● Task details
Return nothing but the lines from the one with "cast and review" through the one with "STAND STUDIO check-print" in the data below, word for word and without pictures.

***** Recorded data *****

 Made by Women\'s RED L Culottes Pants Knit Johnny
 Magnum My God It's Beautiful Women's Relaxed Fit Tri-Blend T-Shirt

*****
***** Recorded data *****

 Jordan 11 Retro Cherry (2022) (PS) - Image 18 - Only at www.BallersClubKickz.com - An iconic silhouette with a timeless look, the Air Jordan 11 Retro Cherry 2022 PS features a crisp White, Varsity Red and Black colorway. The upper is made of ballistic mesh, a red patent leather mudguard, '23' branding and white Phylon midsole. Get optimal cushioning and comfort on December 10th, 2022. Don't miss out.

*****
***** Recorded data *****

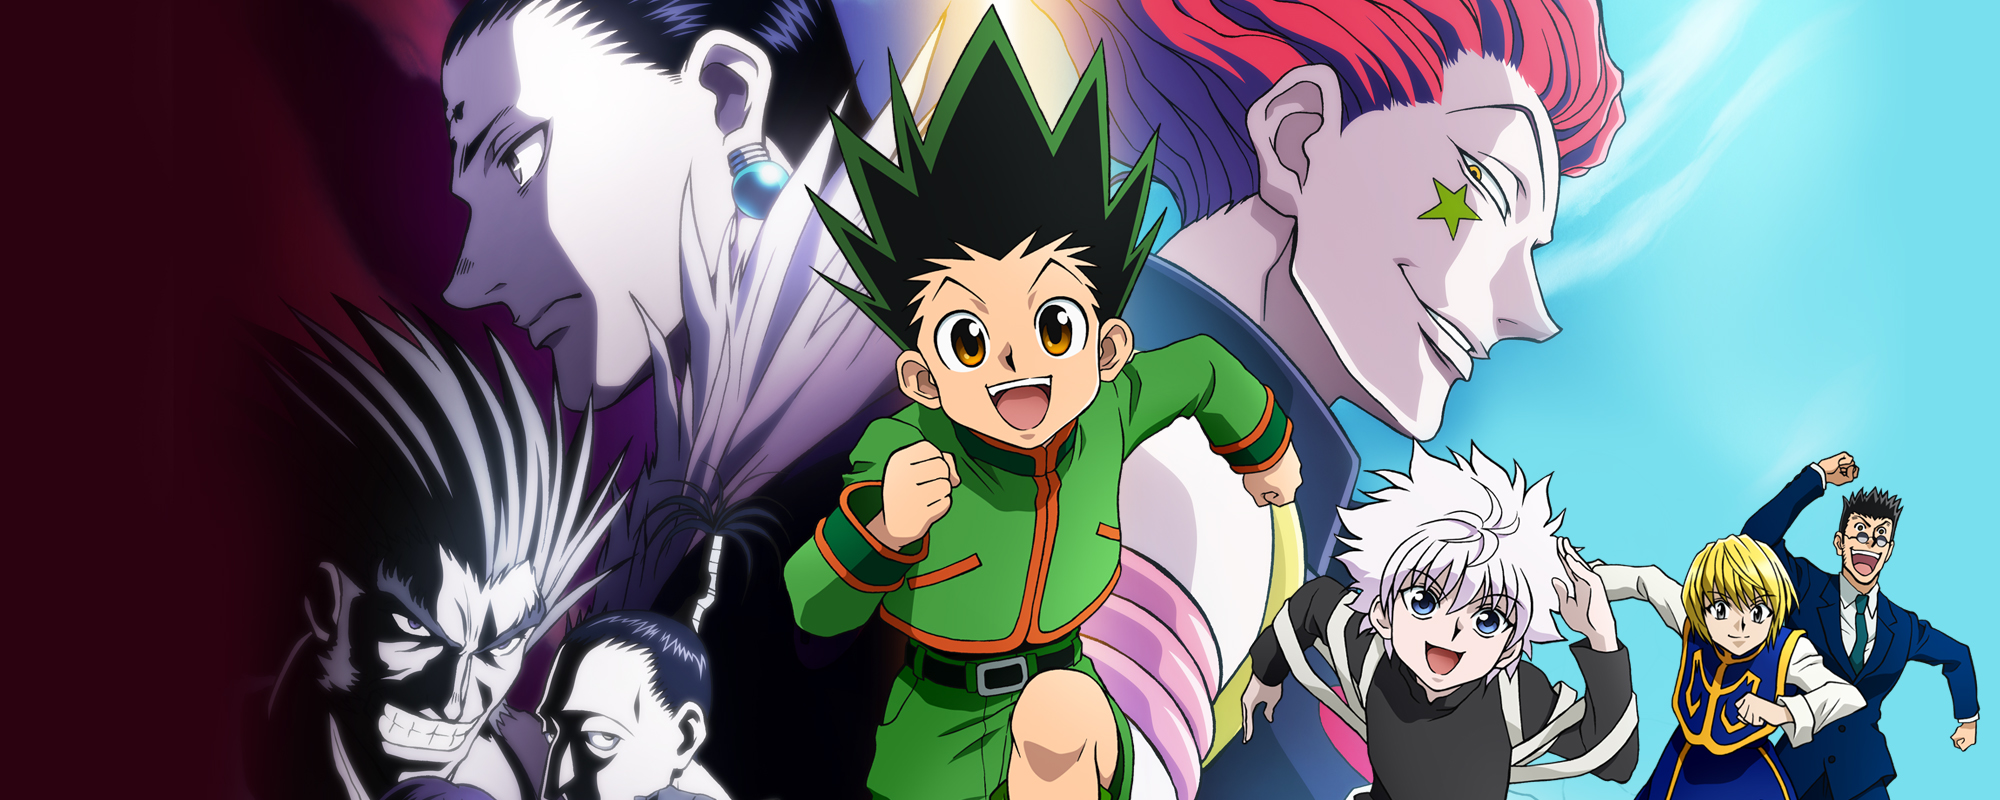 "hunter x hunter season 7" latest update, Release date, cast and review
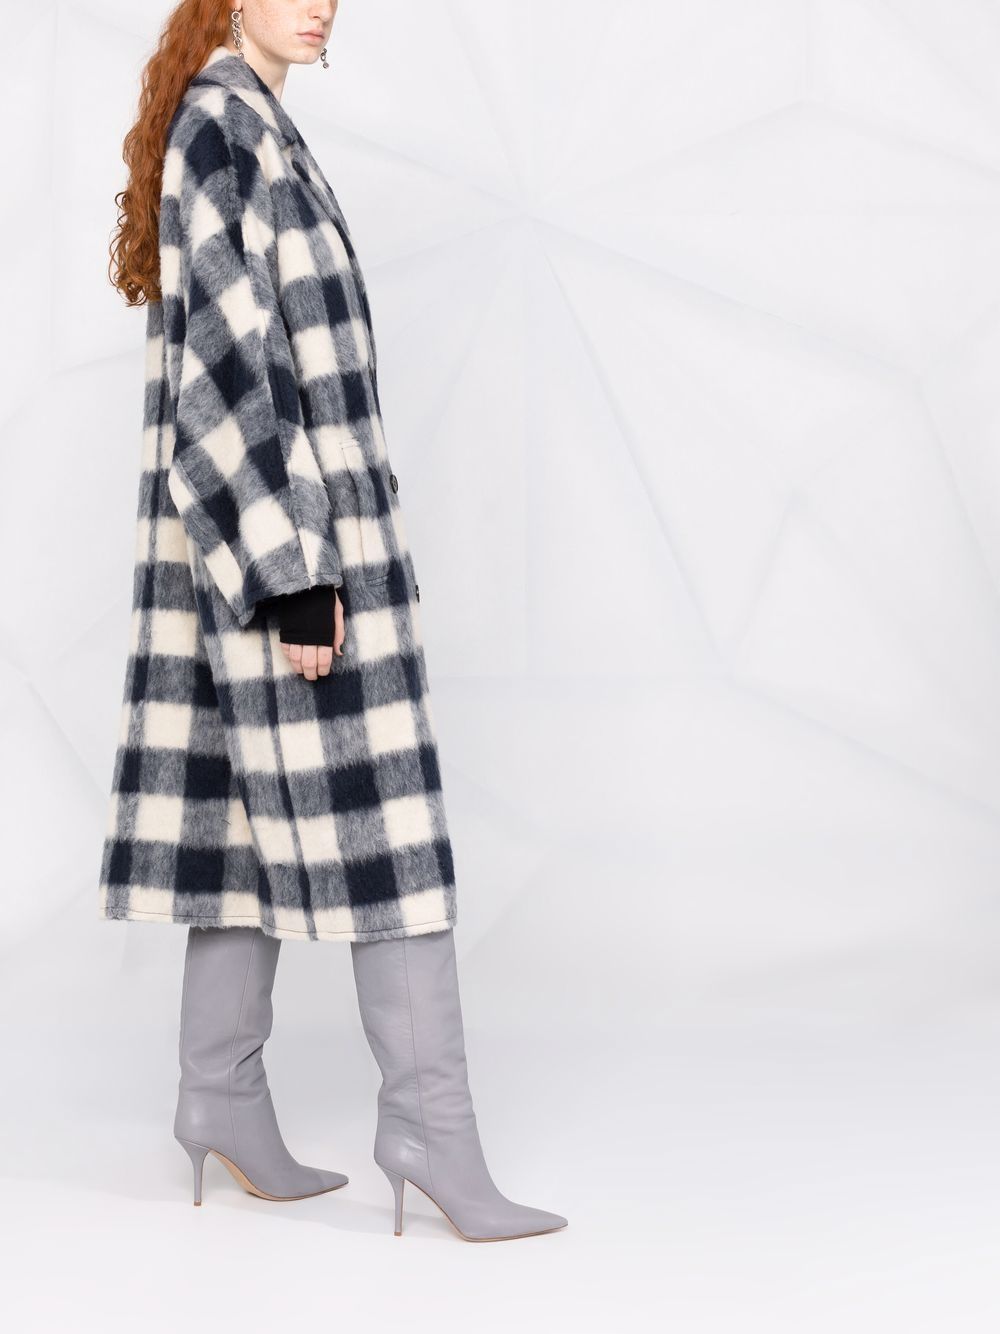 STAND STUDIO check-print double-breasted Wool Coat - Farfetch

*****

● Your solution
 "hunter x hunter season 7" latest update, Release date, cast and review
 STAND STUDIO check-print double-breasted Wool Coat - Farfetch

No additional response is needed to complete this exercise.